Шрифт:
Закладка:
– Летят, – прошептала Лида.
Тикали ходики. Было темно и одиноко в избе, в окно было видно ночное летнее небо, суровое, тревожное, а где-то рокотал мотор с перебоями, странно, незнакомо, все ближе, все ближе.
Лида в одной рубашке подбежала к окну, распахнула его и долго всматривалась в темное небо, долго вслушивалась, а сердце колотилось и было стыдно своего страха.
И оказалось, не она одна слышала в эту ночь рокот чужих самолетов.
Глава вторая
В четыре часа утра Челдонов сошел с поезда на Витебском вокзале. В небе над городом висели аэростаты воздушного заграждения, у ворот дежурили домашние хозяйки, и в радиорупоры отсчитывал свой тревожный счет метроном.
Дверь ему открыла Садыкина. Она, должно быть, только что пришла с ночного дежурства и не успела снять с себя кожаную куртку мужа и противогаз. Он даже не сразу узнал ее.

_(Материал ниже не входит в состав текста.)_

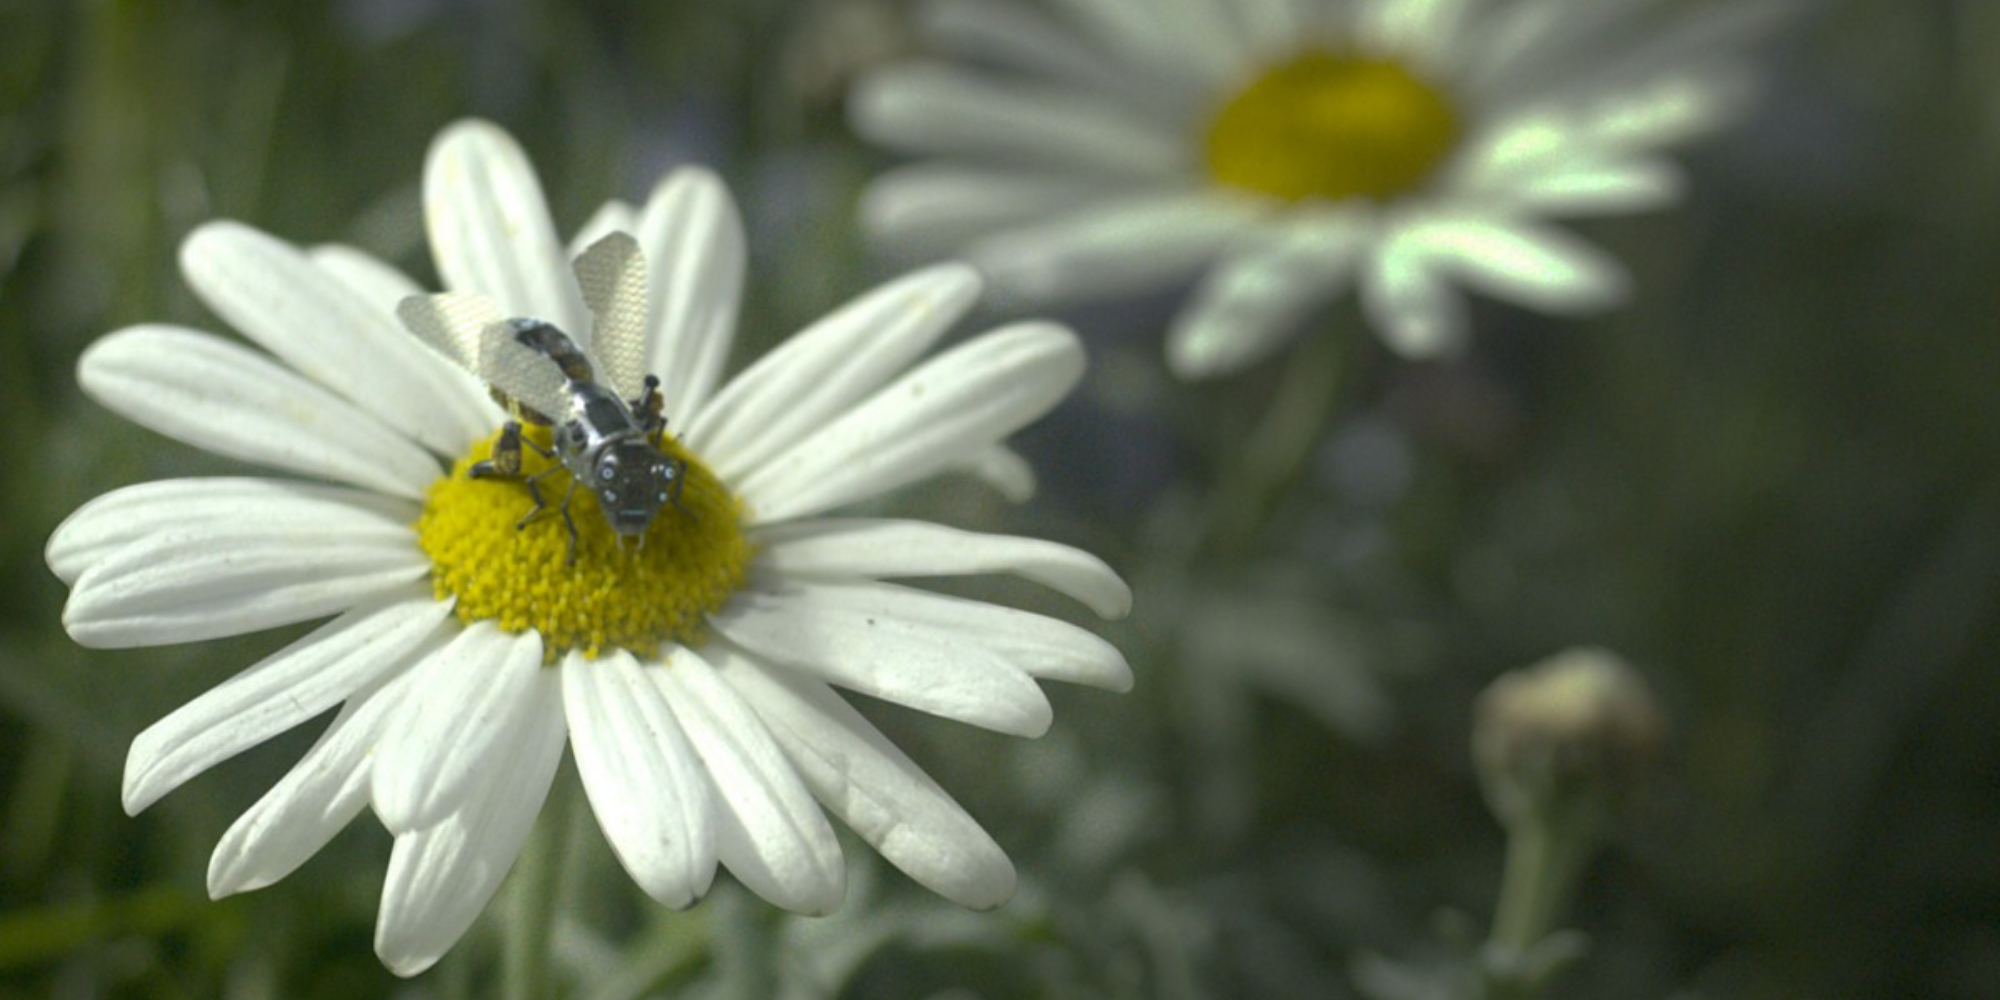 blackmirrorhatedinthenation nano bee is sitting on a flower

Лег Челдонов не раздеваясь. Острое и одновременно тупое чувство, что произошло что-то огромное, трагическое, такое, что ум не может еще представить и понять, и что, следовательно, сам он и все должны себя вести не так, как раньше (а как, он сам еще не знал). Это чувство не покидало его, хотя многое противоречило этому чувству, и особенно там, в поезде, когда он сел в Старой Руссе и увидел пассажиров, таких, как всегда, – бегавших за кипятком, евших, пивших, смеявшихся с женщинами (это были все ленинградцы, возвращающиеся из отпусков на заводы), говоривших те же слова, что и до войны, контролеров, аккуратно проверявших билеты, тонкоголосых продавщиц, навязывавших всем эскимо. И когда он лег на среднюю полку в душном, несмотря на открытые окна, вагоне, такой далекой ему показалась ночь, когда они вышли с Лидой, плач птицы и Ловать, оплакивавшая вместе с птицей свои берега, возвращавшиеся бабы, проводившие мужей, Лида, которая стала такой маленькой, одинокой, когда пошла, мокрое ее лицо с волосами, упавшими на глаза, плачущие губы, – таким далеким это показалось за одну ночь в поезде.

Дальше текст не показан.